I decided to take a hard left into the Italian wines, hoping the guests wouldn’t notice the beads of cold sweat dripping from my bald head, which only got fatter when my aunt urged me to hurry up. My wife finally sensed something was off and whispered at me. Except that my wife doesn’t whisper.
Despite all the reassurances and explanations I struggled to get past the fact that the Italian wines priced at $50 and higher I could get for two euro in Rome (and wouldn’t buy anyway). In Rome, $50 fills your gas tank with 12 crystal glasses as a bonus gift.
I eventually understood that U.S. wine markups helped provide a yardstick for American diners: the more expensive, presumably the better. Still, that’s hard to stomach coming from a country with a 2,000-year-old wine history and the best price-quality ratio in the Milky Way.
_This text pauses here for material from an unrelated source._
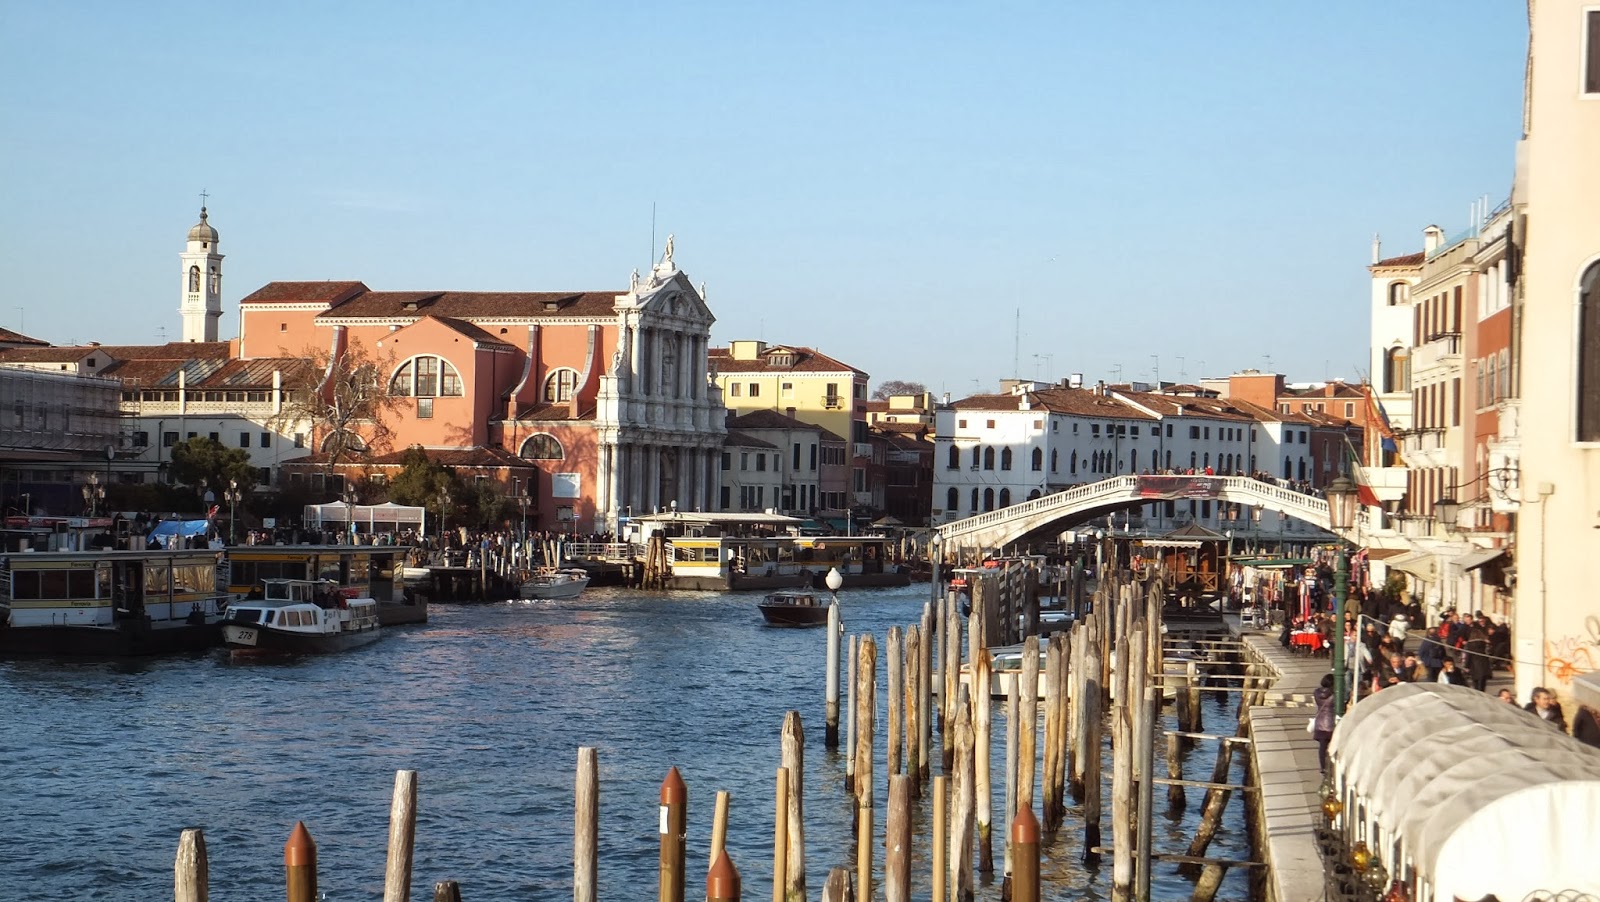 Ponte degli Scalzi, Venecia, Italia, Elisa N, Blog de Viajes, Lifestyle, Travel

But I didn’t give up. I finally found a good wine at a decent price. My good name emerged intact. At the same time I also realized I had a long way to go before being able to teach people how to pick fine wines without going broke — at least in States, and based on how much I have in my account.
If you’re ever faced with the same dilemma, here’s word of advice. Find Chianti in the Italian section. The stalwart Tuscan red has history, aroma and flavor on its side.
I was recently in Montespertoli, one of the seven Chianti wine regions that wrap around the Chianti Classico hub. Fattoria di Poggio Capponi, which traces its history to the late 15th-century, is now a delightful vineyard (and agriturismo) nestled in the olive tree-rich Tuscan countryside.
Poggio Capponi Chianti Riserva 2009 DOCG (Sangiovese, Syrah and Colorino; 13.5%; €12) is a beautiful ruby-red wine whose complex aroma hints of ripe red fruit and spices. To the palate, it’s fresh, soft, structured and elegant, with silky, well-integrated tannins.
Perfectly suited to a succulent bistecca alla fiorentina, it’s a wine I think should make everyone’s non-bank breaking list.